The FLAC submission also makes a very good recommendation which we will include in an amendment. The debt recovery system in the Department of Social Protection should be changed to ensure that a family income does not fall below the basic rate of supplementary welfare allowance for the family in question. In my view this is a very reasonable proposition.

We are dealing with incentives and disincentives. The system is riddled with poverty traps. There have been one or two attempts to tackle some of these traps. I refer to the changeover from rent supplement to HAP as an example but HAP is effectively the differential rent scheme operated by the local authorities, therefore, extra income means the payment of extra rent. Therefore, an element of disincentive remains in that system.

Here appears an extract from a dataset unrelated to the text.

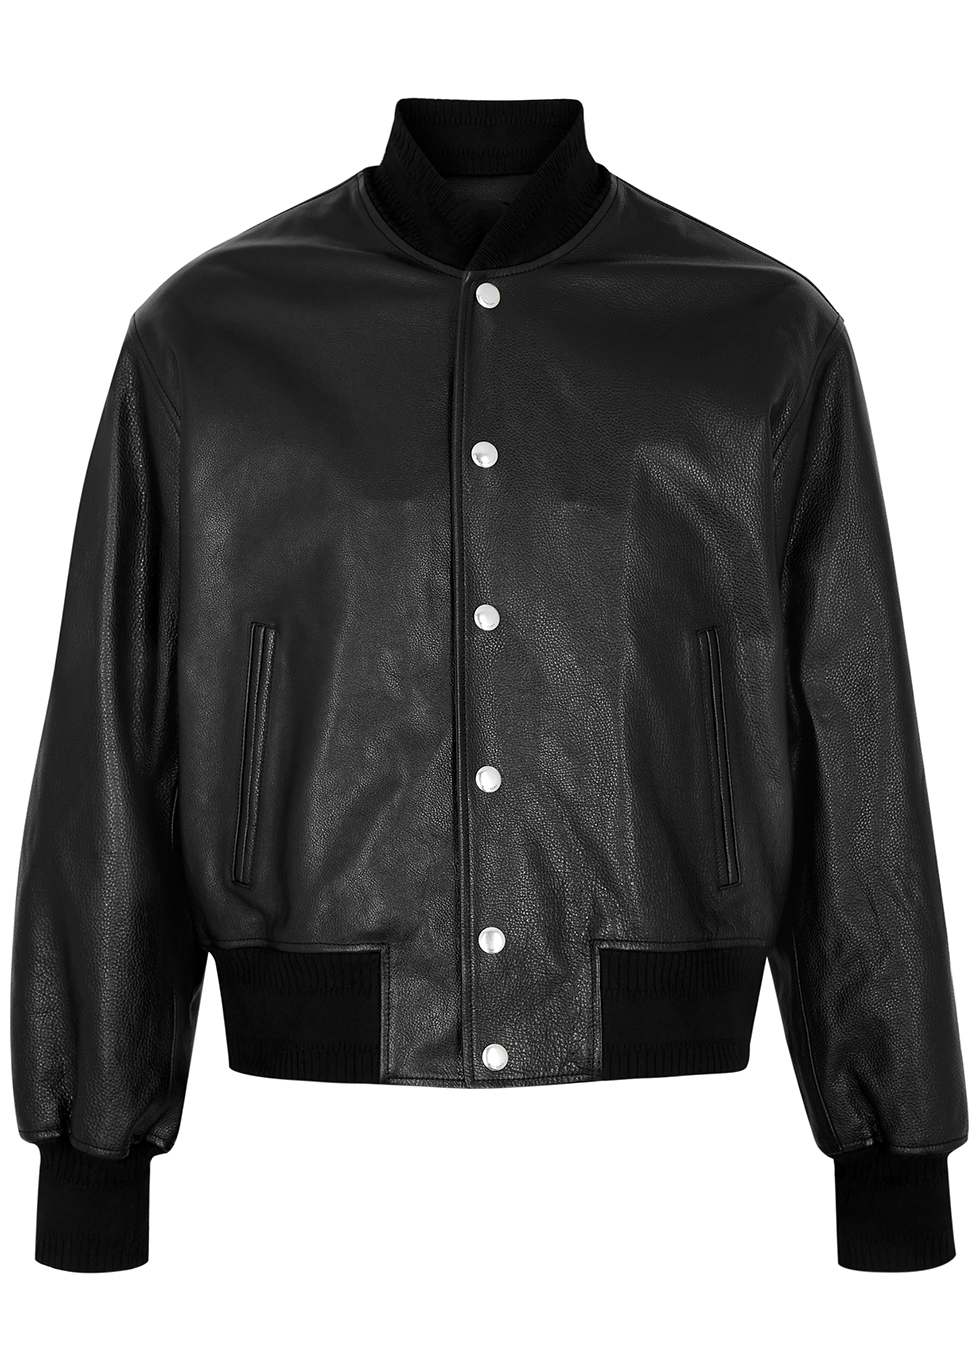 Givenchy Black hooded leather and jersey jacket - Harvey Nichols

The three-day rule for payment of jobseeker's benefit is a powerful disincentive to those wishing to take up employment and it leads to an anomalous situation where two people with comparable needs, working the same number of hours, can find themselves in very different situations, depending on their work patterns. For example, a person working 15 hours per week over three days, might receive a fairly significant jobseeker's payment whereas another person who is working 15 hours over five days, is entitled to nothing. The system should be replaced as it is outdated and outmoded, to be replaced by a system based simply on earnings, in order, if nothing else, to recognise the reality of the modern labour market. The FIS is a good scheme and it will be discussed at more length tomorrow at the committee's Estimates meeting. I will have a few questions which I will ask the Minister tomorrow. The FIS scheme contains disincentives. For example, in order to qualify for FIS, a person must work at least 38 hours per fortnight. Therefore, a person working 100 hours per week under the FIS threshold for his or her family size, will receive an income support payment of €60 per week, which is 60% of the difference between his or her income and the threshold if beneath it. However, a person in exactly the same family circumstances and with a smaller income, and therefore with greater need for income support, working 37 and a half hours per fortnight, will be entitled to nothing.

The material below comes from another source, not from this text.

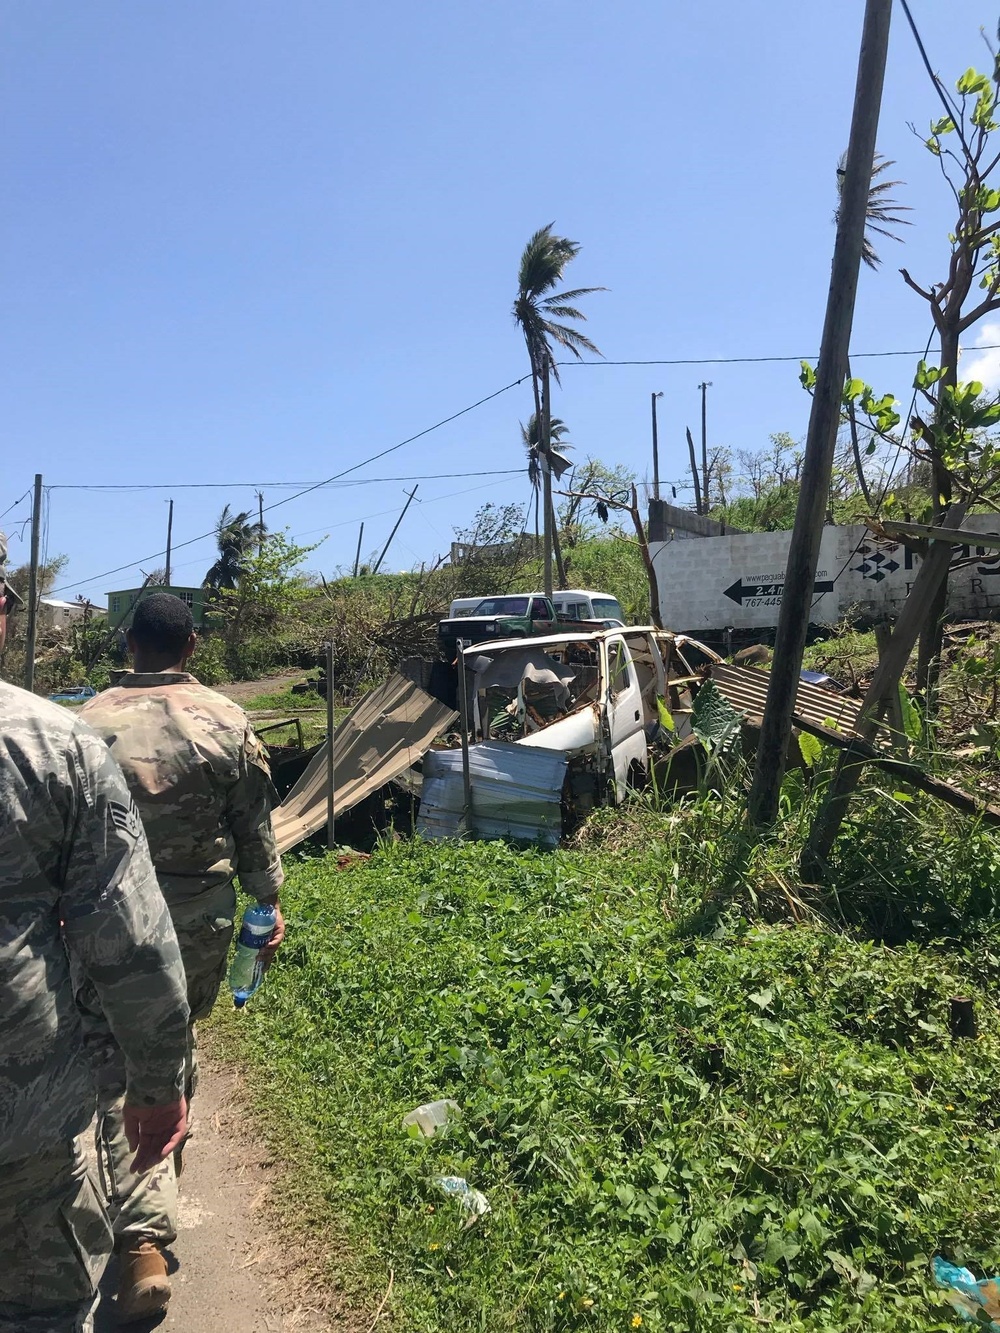 62nd APS lifts cargo, spirits on island of Dominica

That is a serious anomaly in the provisions of this legislation.

As I said at the outset, I welcome any move to make work pay. That has always been my philosophy. However, the scheme the Minister has introduced is hedged in by some very serious restrictions. There are important questions in that regard which will have to be teased out on Committee Stage. My principal objection to the Bill is the contradiction at its heart whereby a family dividend is being introduced to encourage people to work by making it worth their while to do so, but, in the case of lone parents, the form that encouragement takes is by penalising them. That is a contradiction I would to see the Minister give an undertaking to resolve before Committee Stage. The best way to do so would be to agree, at the very minimum, to postpone the proposed change on 2 July pending an impact assessment on the effect it will have on single-parent families from one end of this country to the other. The claim in the Minister's opening statement that thousands of lone parents will be better off as a result of the change is absolute nonsense and totally discounted by the figures.